Absolutely, it was a Neat Hack back in the day: have the program loader look for a magic number then modify the process control structure in response. My "problem" with it is that it is a rather crude mechanism when faced with all the variants of scripting languages.
> 2. "#!/usr/bin/env python" - current python command in environment without worrying about its location.
True, and that passes the buck down to the contents of PATH (so your hash-banged script is in the same situation as your running "python my_script.py"); which irons out one inconsistency. And thankfully env was (eventually) added into Posix, so it is available pretty often (although I still think of, what was it, 2017/2018 when it was added, as "pretty recent"). Although - now, this may just be me, but I really prefer to find *any* way to not keep adding things into the general PATH as things can get pretty messy: every program installed tries to get its bin added to the PATH, so now the earlier programs may be calling a newer executable that just happens to have the same name. All fine if absolutely everyone plays nice, but one bad apple and *poof*.
> 4. Launchers in desktops can bypass all of this if necessary by simply invoking the correct interpreter path for the script directly
That is very much what I'd like to see - as a general mechanism that can be utilised by any scripting language - and without the language interpreter itself having to do any hard work (other than allow the metadata line to exist). If you have installed a Python exe into Windows then that program - well, the version that is provided by python.org at least - has special-case code for handling a subset of shebang lines. Something that is divorced from the actual job of implementing the language. The very fact that there is/has been a distinct Python Launcher is an indication that this is an - interesting - problem and one that is shared by every scripting system.
> 3. Installers can interpolate the python path on ... something an installer can handle.
Assuming that *all* of your installers do actually do that...

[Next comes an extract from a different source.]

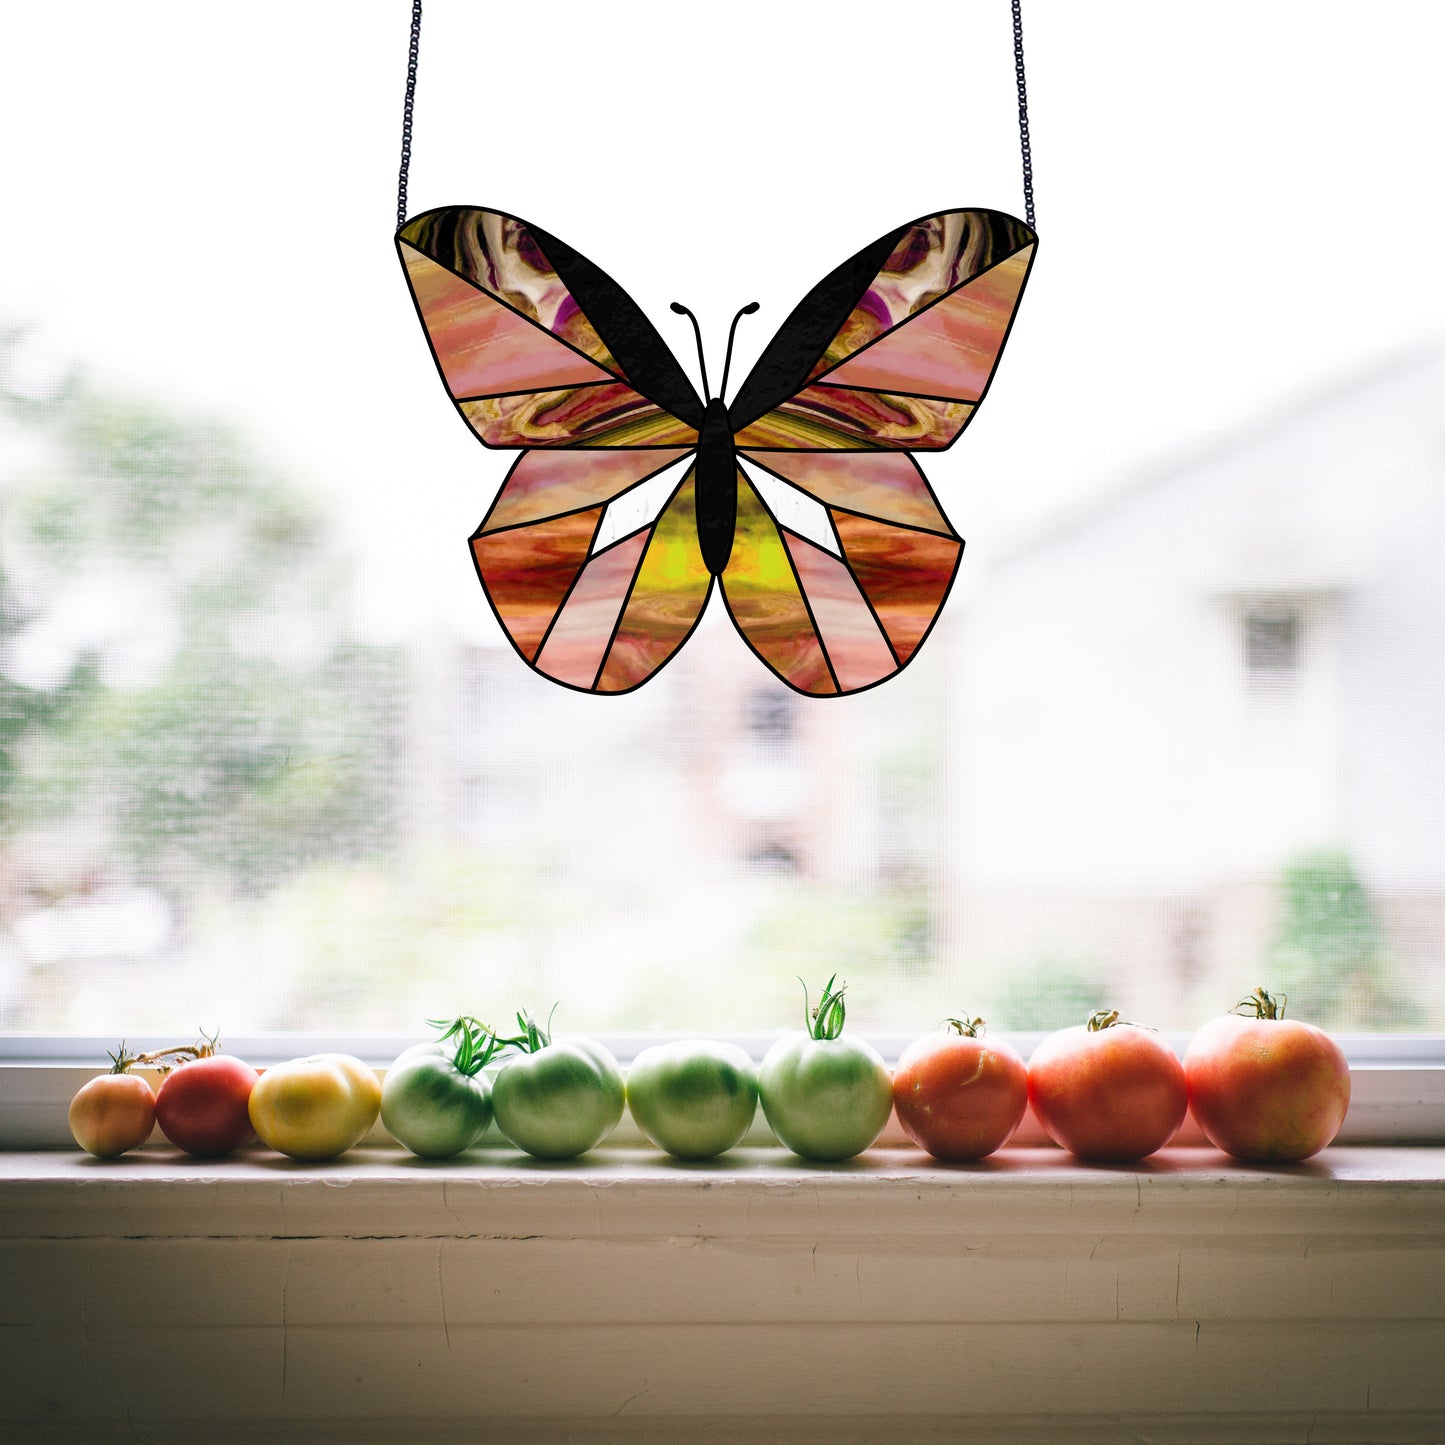 Beginner Butterfly Stained Glass Pattern

Just to repeat my very first line: this is NOT purely a Python-specific issue and, in fact, the more times that anyone can come up with a "well,Python has done xxxx ever since yyyy" or "well, if you always use this Python utility to create your installer it will do it for you" just indicates that there is more stuff that can be separated out into distinct utilities, totally divorced from any issues around implementing a scripting language interpreter, such that those utilities can be used for Python, Lua, Rexx, Shrimp, Lisp, Smalltalk, Basic, Fly, Asymptote, Box, Fennel, Lilypond, Gri, Perl, PHP (boy, does that need correct version matching!), PIC, the macro language I wrote a few years ago..
And, of course, Intercal.
I think the limiting factor is that you can't really know what's around. I could write a script in any language of my choosing that searches your machine for the dependencies I want, chooses between the available versions for the optimal set, and then runs with those, but if you put them in a weird place or just don't have them, that script is still going to fail. The solution you're describing sounds a lot like that script, but a more professional version that is better at guessing where different versions of things might be. If you haven't updated your Python version for a while and only have 3.7 but I need at least 3.10, the launcher won't fix it, but my program can by checking against sys.version_info at startup before it does anything too new as long as it's acceptable for the user to find or install the later version when they are told the script won't run.

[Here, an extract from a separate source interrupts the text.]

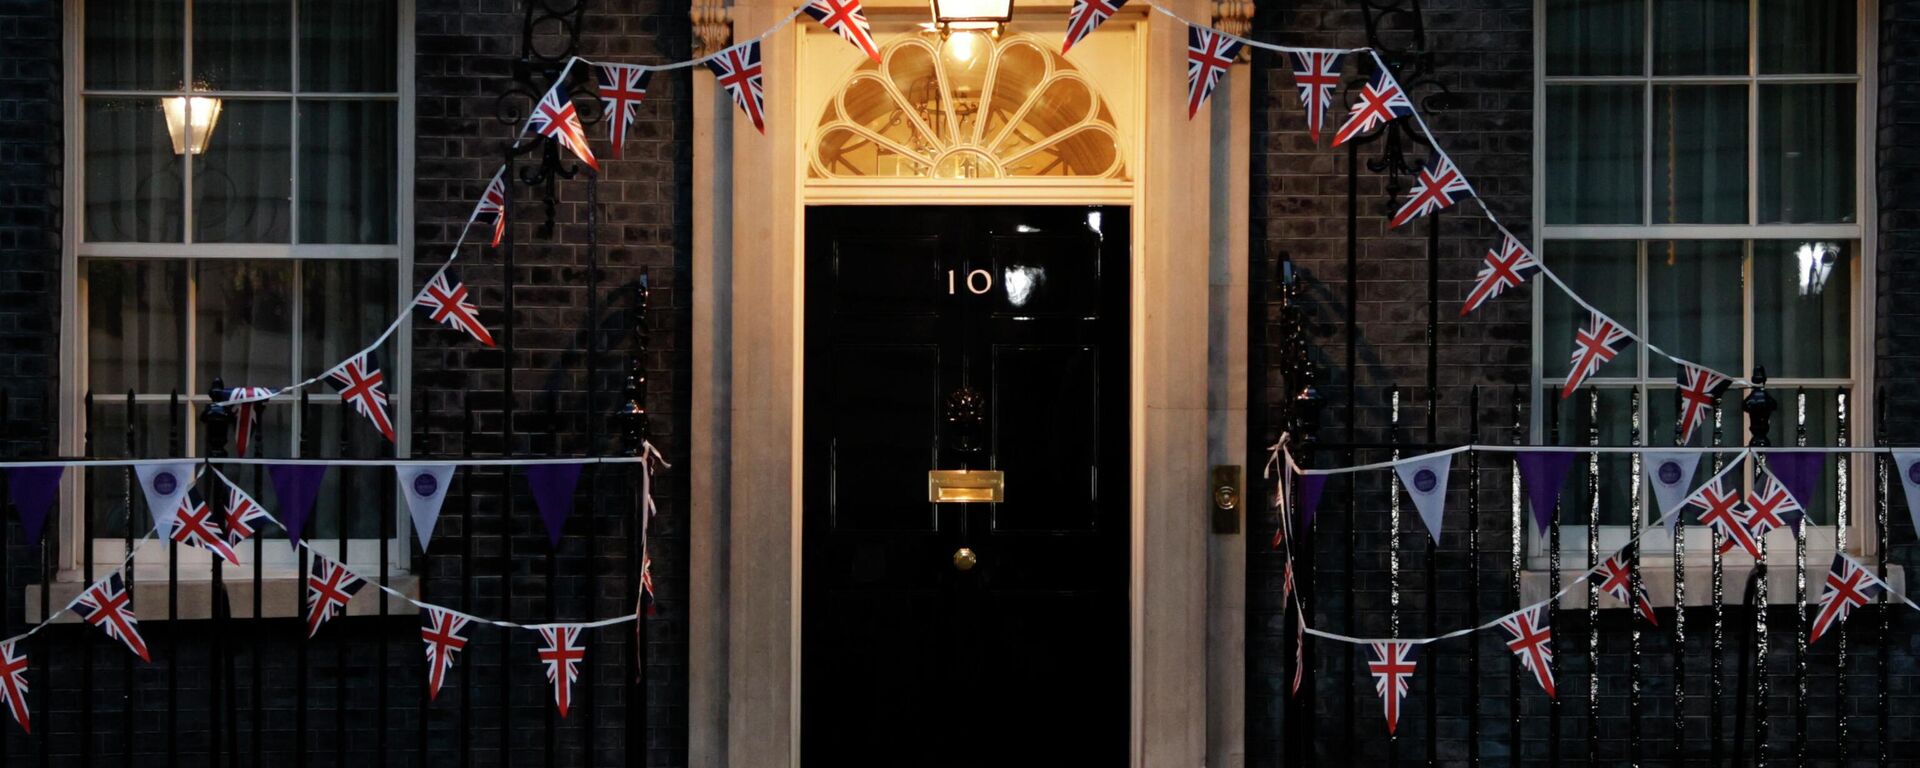 A general view at dusk of 10 Downing Street in London, Monday, June 6, 2022. British Prime Minister Boris Johnson survived a no-confidence vote on Monday, securing enough support from his Conservative Party to remain in office despite a rebellion that leaves him a weakened leader with an uncertain future. - Sputnik International, 1920, 06.07.2022

For complex projects, this is mostly solved by either putting it in a package which has dependency requirements (the Linux approach mostly) or just packaging all my dependencies and bringing them along with me (the classic Windows and Mac OS approach and various packaged application formats for Linux that don't require as many different distro-specific packages). Neither approach is really that hard for a developer to do, but it takes some effort and a lot of small scripts don't get very much effort in the areas of documentation or packaging.